基金The National Natural Science Foundation of China under contract Nos 41306186,41076012 and 41276019the Youth Science Fund Project of State Oceanic Administration of China
文摘Coastal winds are strongly influenced by topology and discontinuity between land and sea surfaces. Wind assessment from remote sensing in such a complex area remains a challenge. Space-borne scatterometer does not provide any information about the coastal wind field, as the coarse spatial resolution hampers the radar backscattering. Synthetic aperture radar(SAR) with a high spatial resolution and all-weather observation abilities has become one of the most important tools for ocean wind retrieval, especially in the coastal area. Conventional methods of wind field retrieval from SAR, however, require wind direction as initial information, such as the wind direction from numerical weather prediction models(NWP), which may not match the time of SAR image acquiring. Fortunately, the polarimetric observations of SAR enable independent wind retrieval from SAR images alone.
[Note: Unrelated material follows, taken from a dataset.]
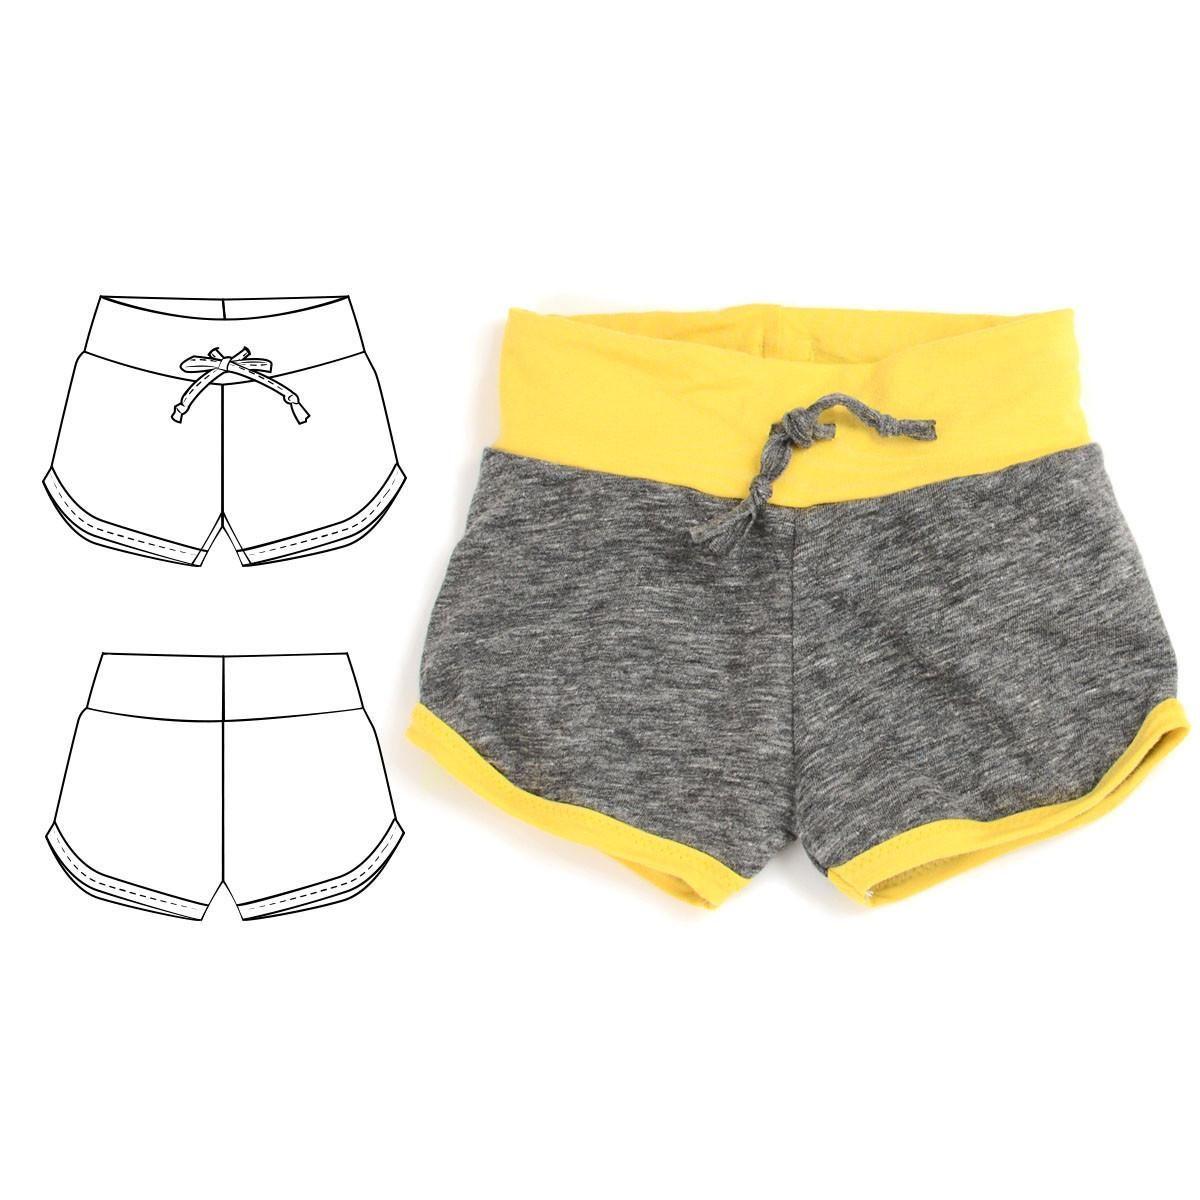 Retro shorts : 20 | Pinterest

In order to accurately measure coastal wind fields, this paper proposes a new method of using co-polarization backscattering coefficients from polarimetric SAR observations up to polarimetric correlation backscattering coefficients, which are acquired from the conjugate product of co-polarization backscatter and cross-polarization backscatter. Co-polarization backscattering coefficients and polarimetric correlation backscattering coefficients are obtained form Radarsat-2 single-look complex(SLC) data.The maximum likelihood estimation is used to gain the initial results followed by the coarse spatial filtering and fine spatial filtering. Wind direction accuracy of the final inversion results is 10.67 with a wind speed accuracy of 0.32 m/s. Unlike previous methods, the methods described in this article utilize the SAR data itself to obtain the wind vectors and do not need external wind directional information. High spatial resolution and high accuracy are the most important features of the method described herein since the use of full polarimetric observations contains more information about the space measured.This article is a useful addition to the work of independent SAR wind retrieval. The experimental results herein show that it is feasible to employ the co-polarimetric backscattering coefficients and the polarimetric correlation backscattering coefficients for coastal wind field retrieval.